The evidence proffered by Plaintiffs from outside the administrative record does not alter this conclusion. Plaintiffs argue that the district court should have considered a provision of the 1993 collective bargaining agreement as well as the declaration of Joseph Pierani, a union representative. Plaintiffs contend that the language from the 1993 CBA prohibited UPS from transferring Plaintiffs into the Pension Plan. I concur in the majority’s conclusion at n. 5 that this language simply prohibits UPS from entering into side agreements with employees or groups of employees, not from renegotiating specific terms with the union.

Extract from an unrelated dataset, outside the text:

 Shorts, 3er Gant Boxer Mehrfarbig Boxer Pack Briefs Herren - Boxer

UPS and the union were free to negotiate or approve a transfer of the plaintiffs into the Pension Plan.

Plaintiffs also argue that the Pierani declaration shows that the transfer of the plaintiffs from the Retirement Plan to the Pension Plan was not based on any provision in a collective bargaining agreement and is in fact a violation of the CBA. However, part of this argument rests on an assumption that the 1993 CBA prohibited UPS and the union from renegotiating specific terms — which is wrong. Otherwise, nothing in the Pierani declaration calls into doubt the conclusion that Plaintiffs were properly transferred from the Retirement Plan to the Pension Plan. Indeed, it only serves to confirm Plaintiffs were transferred into the Pension Plan. Pierani is a union representative who negotiated with UPS from 1995-1998 about the closure of the Delivery Information Center, where many of the plaintiffs worked. According to the declaration, Pierani and his UPS counterpart came to an understanding in 1995 that the employ*158ees would “remain in the same health and welfare pension plans unless dictated differently by the contract language including the Ohio Rider.” (R. 77, ex. 20, Pierani Dec. at 2.)

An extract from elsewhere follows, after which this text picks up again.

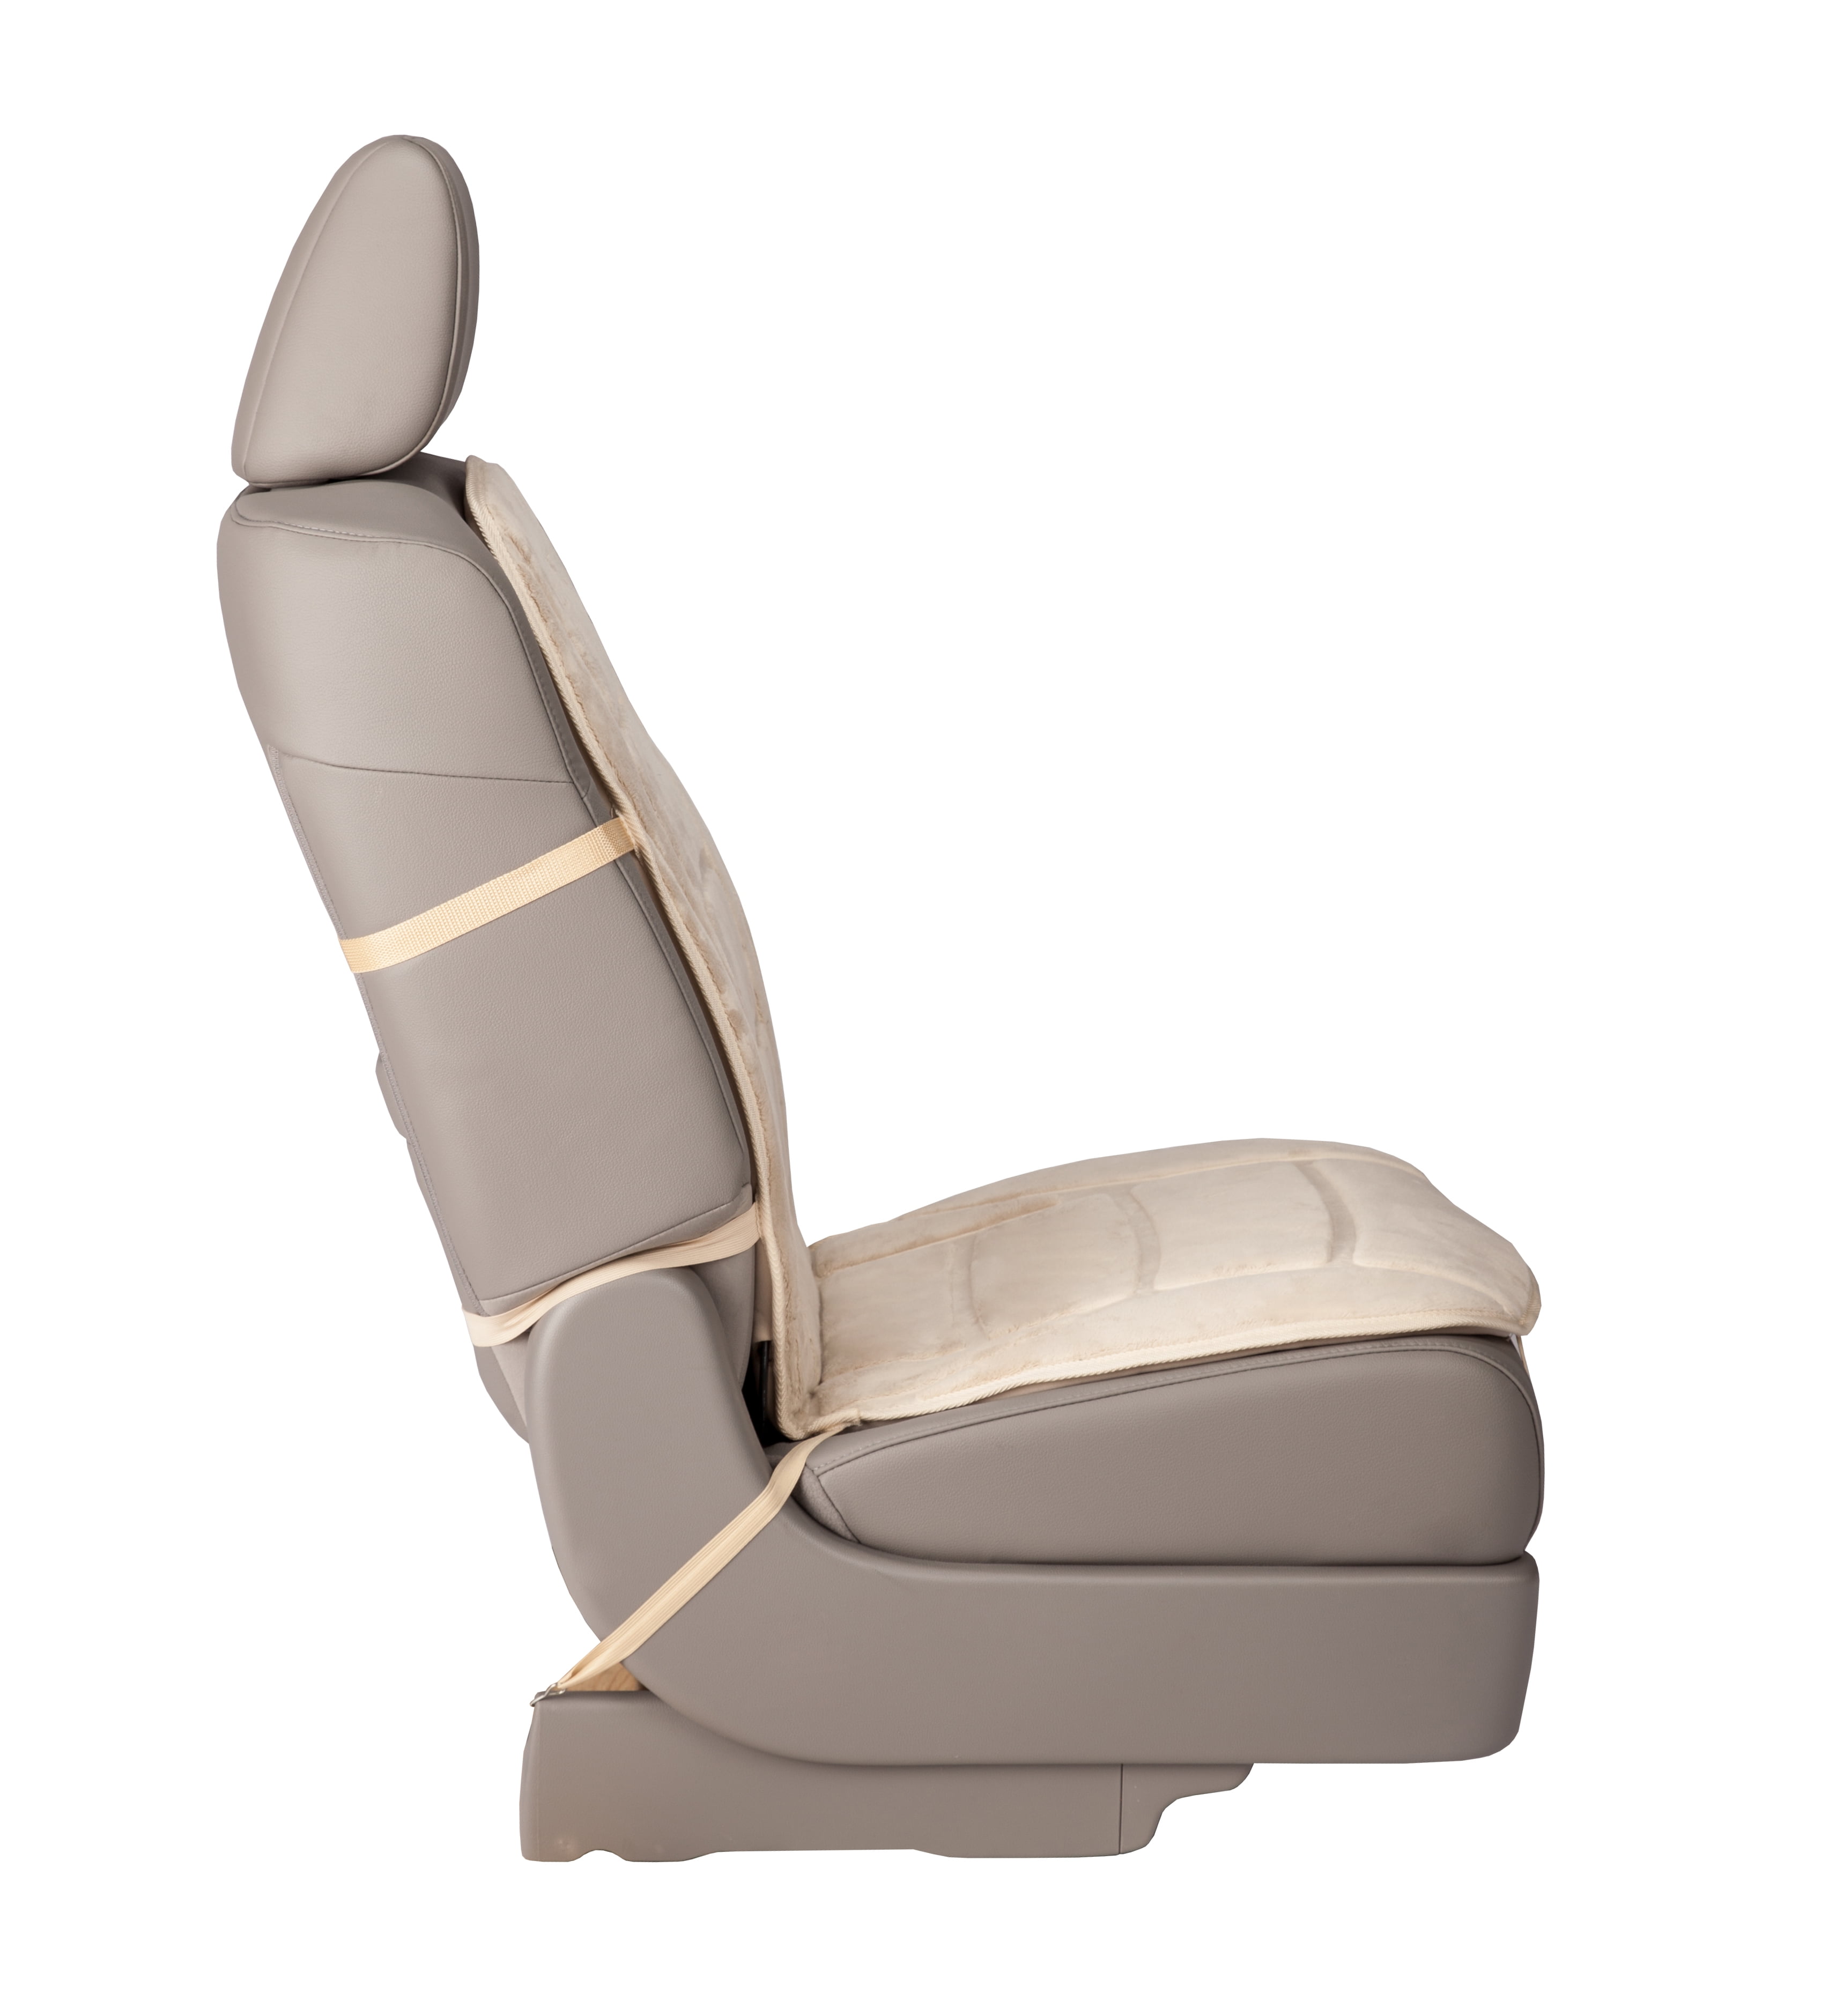 Best Sellers: Best Automotive Seat Cushions

This “understanding” of course, was preliminary; the full agreement was not reached until three years later, well after Plaintiffs were transferred to the Pension Plan. (Id.) Further, nothing in this understanding prevented the union and UPS from later agreeing to transfer Plaintiffs to the Pension Plan in September 1995. Finally, the language in the final 1998 agreement regarding the closure of the Delivery Information Center states that, “[ejmployees will remain in a United Parcel Service Health & Welfare and Pension Plan unless dictated by contract language (including the Ohio Rider).” (R. 78, ex. 10 (emphasis added)). This confirms that those plaintiffs working at the Delivery Information Center were previously transferred to the Pension Plan.

Thus, the evidence Plaintiffs argue the district court should have considered makes no difference. When this evidence is examined along with the entirety of the administrative record, it is apparent that the union either bargained for or ratified a transfer of the plaintiffs from the Retirement Plan to the Pension Plan in September 1995. Therefore, even under de novo review in light of an expanded record, the judgment of the district court is properly affirmed.

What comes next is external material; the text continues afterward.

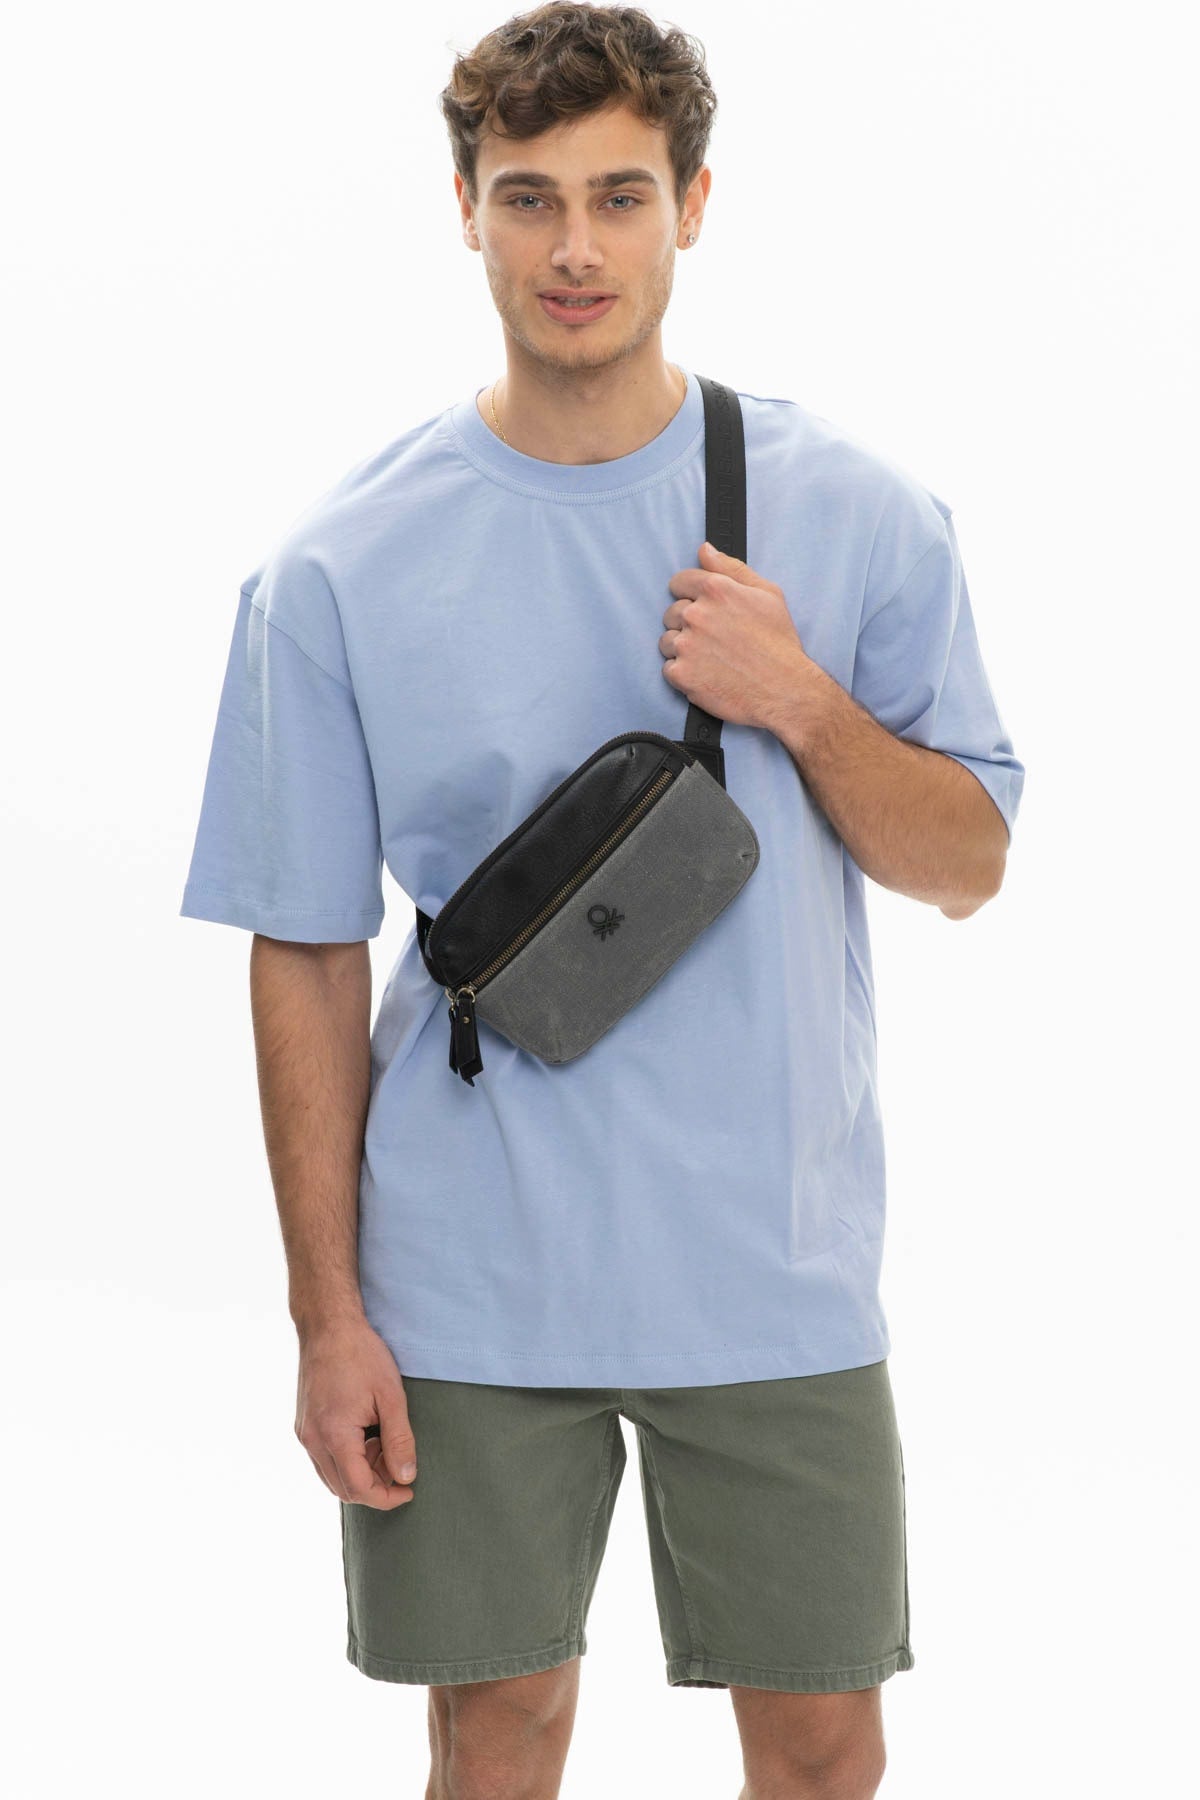 Benetton Men's Waist Bag Gray Bnt1011

. Because the plaintiffs other than Miller are not retired, their claims are slightly different. Presumably the other plaintiffs sought to clarify "future benefits under the terms of the plan” while Miller’s claim was to "recover benefits due to [her] under the terms of [her] plan.” 29 U.S.C. § 1132(a)(1)(B).

. For ERISA claims, the Sixth Circuit has generally recognized an exhaustion of administrative remedies requirement that is committed to the discretion of the district court. Fallida v. Nationwide Mut. Ins. Co., 162 F.3d 410, 418 (6th Cir.1998). Exhaustion was not addressed below and I assume for purposes of this case, where the non-retired plaintiffs are seeking a judgment to clarify future benefits, that exhaustion was not required under § 1132(a)(1)(B).